Где-то в соседнем ущелье прогрохотала лавина, точно раздался артиллерийский залп из сотни орудий крупного калибра. Он заметался затихающим эхом, заблудившись в горах.
– Опять лавина, – проговорил раздумчиво Брюханов, не зная как выпутаться из затянувшегося пустого спора. Неделя, не замечая этого, продолжал говорить уверенно, с натиском:
– К Сталину у нас излишне размашистое отношение. Разоблачение культа личности было необходимо. Как вообще нам необходимо крушение иллюзий. Но не надо забывать то, чем мы обязаны Сталину. Он создал в России промышленность. Несмотря на ошибки, допущенные Сталиным в роли генералиссимуса, война была выиграна, в конечном счёте, за счёт индустриализации. Крестьянская страна, несмотря на самопожертвование и массовый героизм народа, не смогла бы победить. Другой вопрос, нужны ли были такие крутые меры, как разорение крестьянства. Не знаю. Не уверен. Но ясно одно: Сталину удалось крутыми мерами создать послушный механизм. Сверху донизу. Впрочем, это, возможно, экономическая альтернатива. Вам как экономисту виднее. Такой же механизм создаётся и в других странах. И на службе этому репрессии, телевидение, кино, газеты, футбол.
– Вы не видите разницы?
– Колоссальная разница! Что вы! Производство ради производства и наживы. И производство ради человека. Пожалуй, это звучит излишне гордо. Но это разные вещи. Я говорю о механизме.
– Вы не любите футбол?
– Как-то у одного грузина спросили: вы любите помидоры? Он ответил: кушать люблю, а так – нет. Вот и я испытываю к футболу подобные чувства. Играть когда-то любил, а так – нет. Особенно этих ненормальных психопатов болельщиков. Постыдное и пустое занятие. Не случайно выбор пал именно на футбол. На мой взгляд, он ничуть не лучше баскетбола или волейбола. Но центральные газеты чуть ли не каждый день публикуют восторженные сведения, кто кому забил ногой в ворота мячик. Футбол может одновременно зажечь психозом сотни тысяч людей, отвлечь их от тягостей жизни и в итоге приучить к послушанию. Всё очень просто. Горнолыжный спорт так не популяризируется, ибо у него нет стадионов, куда можно загнать десятки тысяч людей и сделать из них послушное стадо.

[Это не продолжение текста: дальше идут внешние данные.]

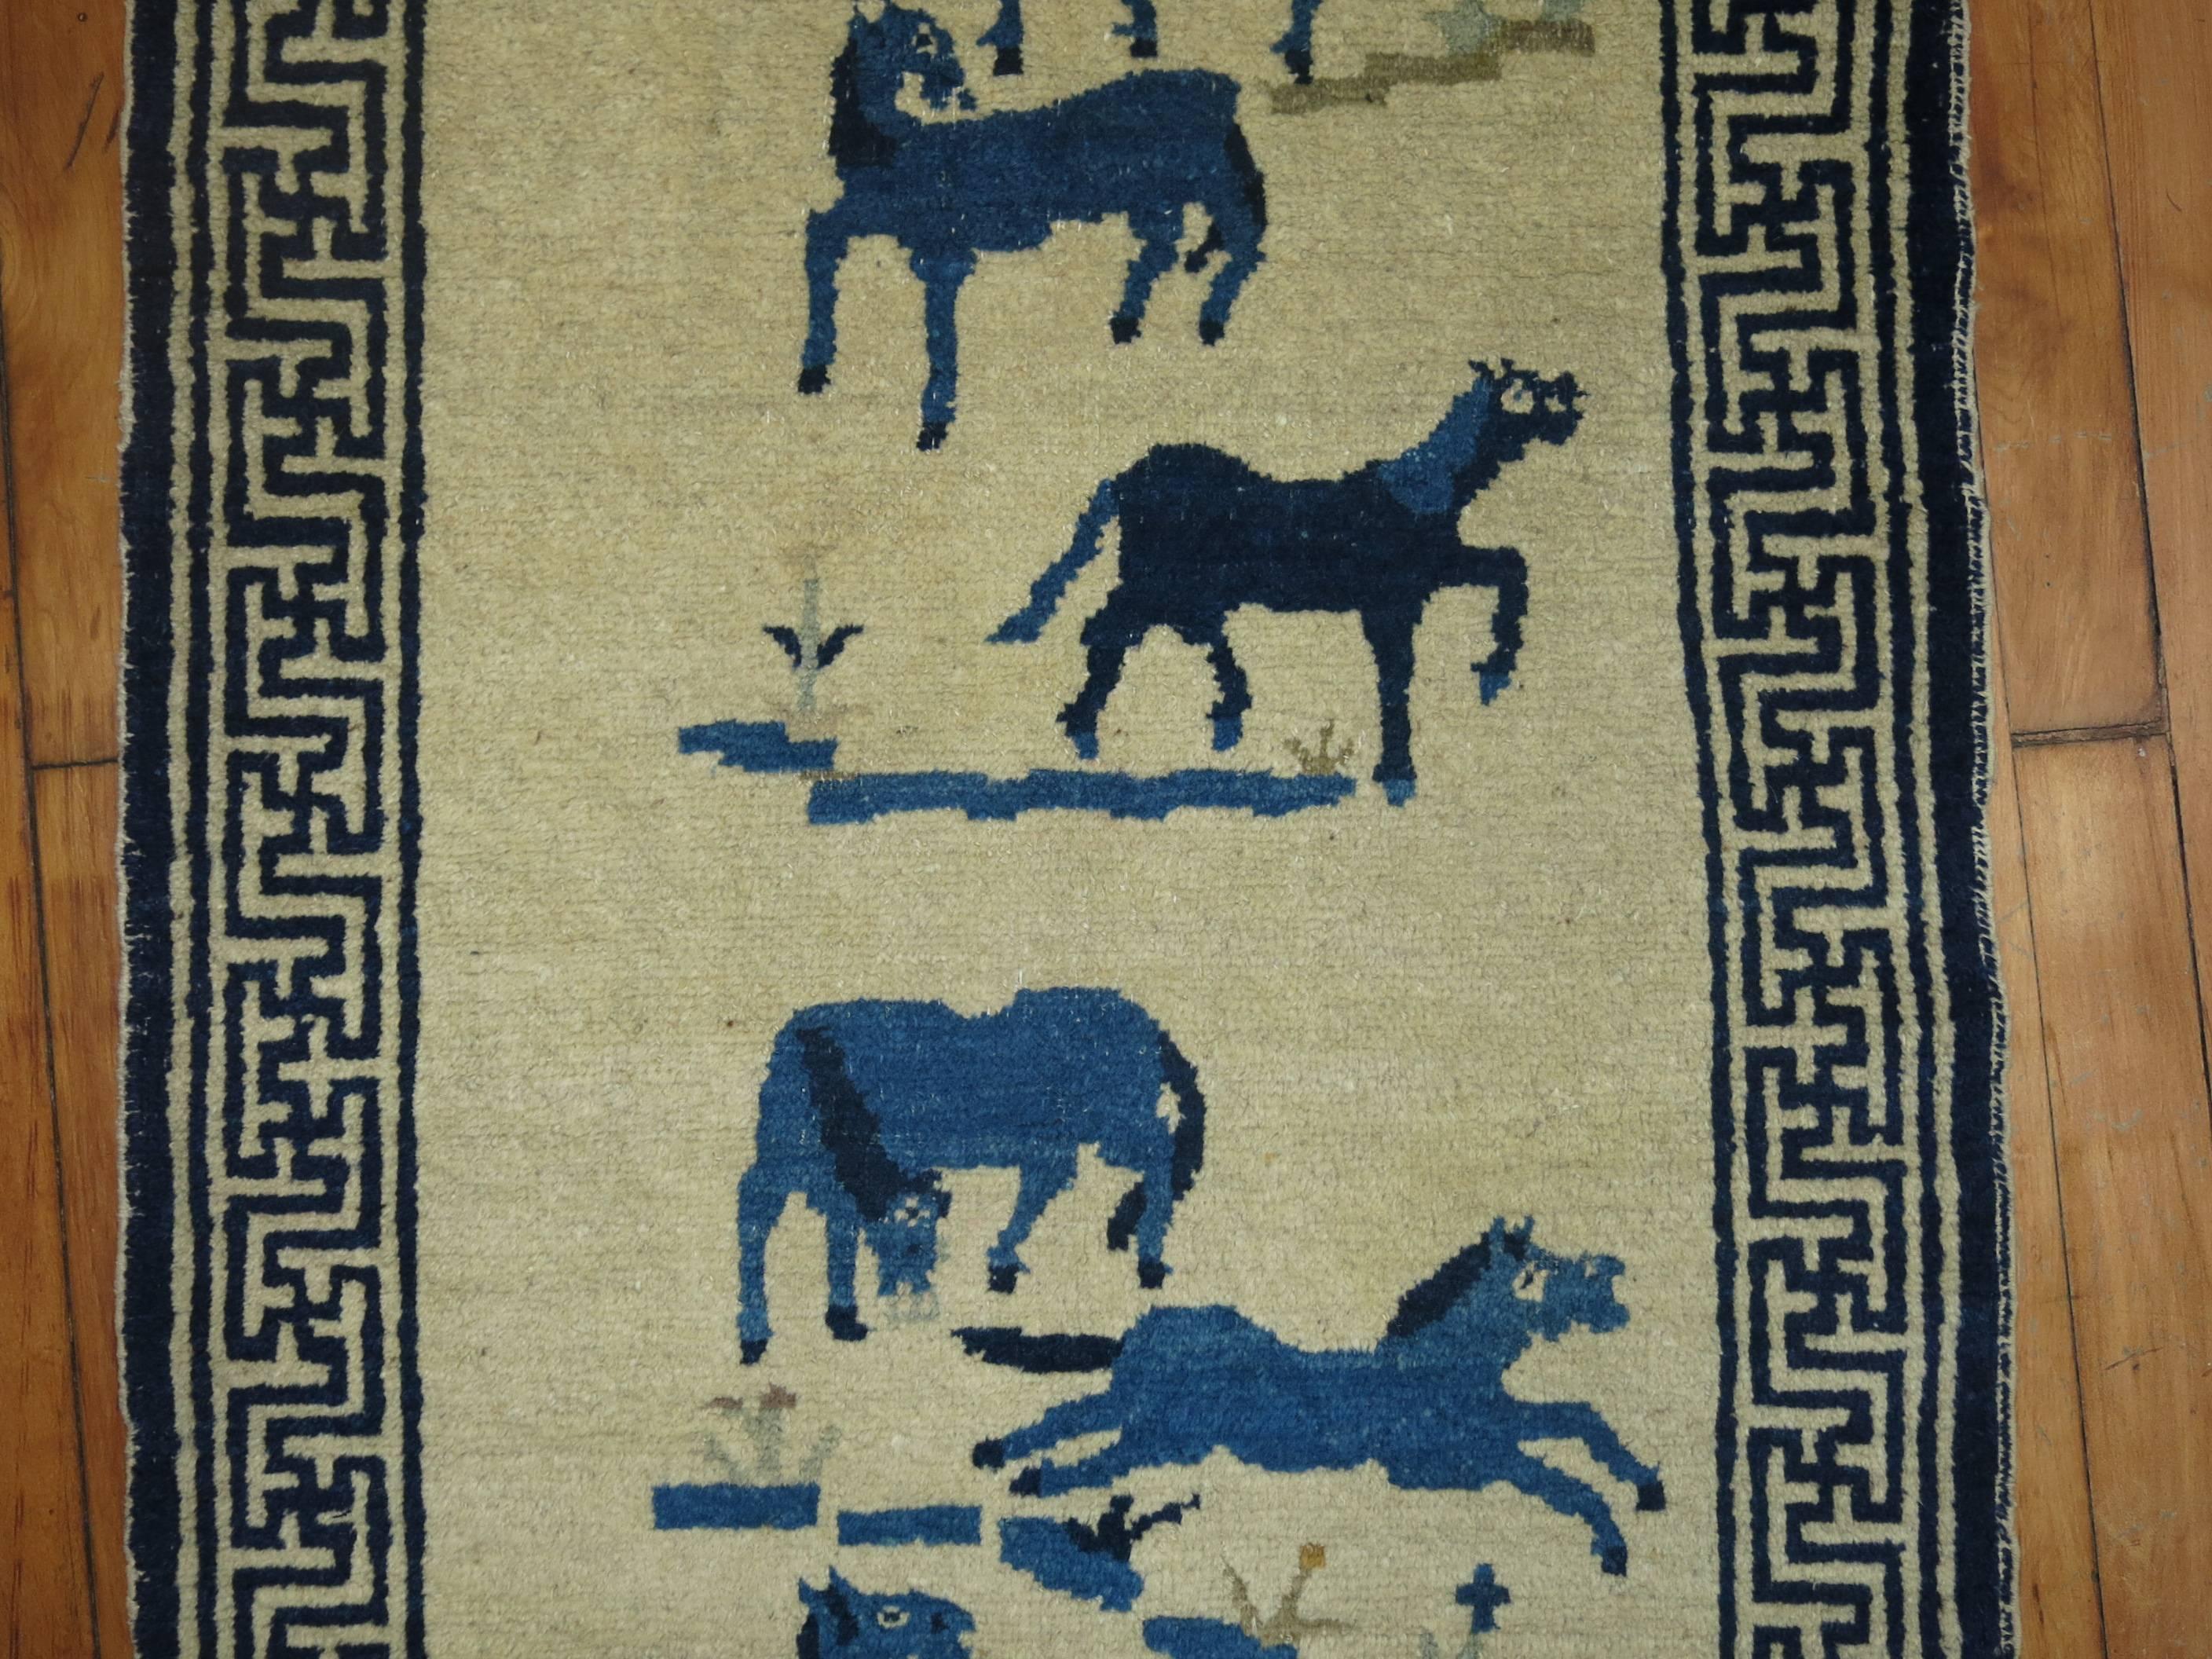 Un tapis chinois pictural pour chevaux du début du 20ème siècle. Six chevaux bleus flockés sur un fond de couleur ivoire.

2'2

– Пуф-пуф-пуф! – пофукал Брюханов, показывая этим, что усиленно размышляет. – Значит, по-вашему, творческая активность и инициатива масс, которая испокон века стремится к познанию смысла жизни, намеренно заглушается? Так называемым омассовлением ради послушания, послушание ради производства, производство ради человека – в одном, правильном, случае и ради наживы – в другом, неправильном. Так, что ли?
– В известном смысле, так, – коротко сказал Неделя.
– Интересно. Ну, а как же дальше? Ведь разделение труда – чем дальше, тем больше. Эдак мы, не дожидаясь создания электронных, сами превратимся в роботов. Что же получается? Вроде это противоречит диалектике. Где же эволюция?
– Нисколько. Если вы внимательно приглядитесь, то заметите, что. Мало-помалу возникает и крепнет новая сила: техническая и научная интеллигенция. Я бы назвал её технократией. Эти люди обладают новейшими достижениями во всех областях знаний. Зреет новый качественный рывок. Кибернетические устройства в недалёком будущем. Так будут внедрены в нашу повседневную жизнь, что человечество, наконец, избавится. От множества однообразных примитивных процессов. В таких производствах, как. Машиностроение, сельское хозяйство, добыча полезных ископаемых. Упростится вся эта нынешняя громоздкая бухгалтерия, система планирования и учёта. Высвободится колоссальная творческая энергия. Это, в свою очередь, вызовет приток свежих творческих сил в науку. Развитие будет происходить по экспоненте, в геометрической прогрессии. Даже в современном, примитивном человеке. Заложена огромная творческая способность. Наша задача её высвободить. Это будет, если хотите, технологическая революция. Вот тогда-то и наступит в жизни человечества этап, который именуется сейчас коммунизмом. Где же тут противоречие? Я не вижу.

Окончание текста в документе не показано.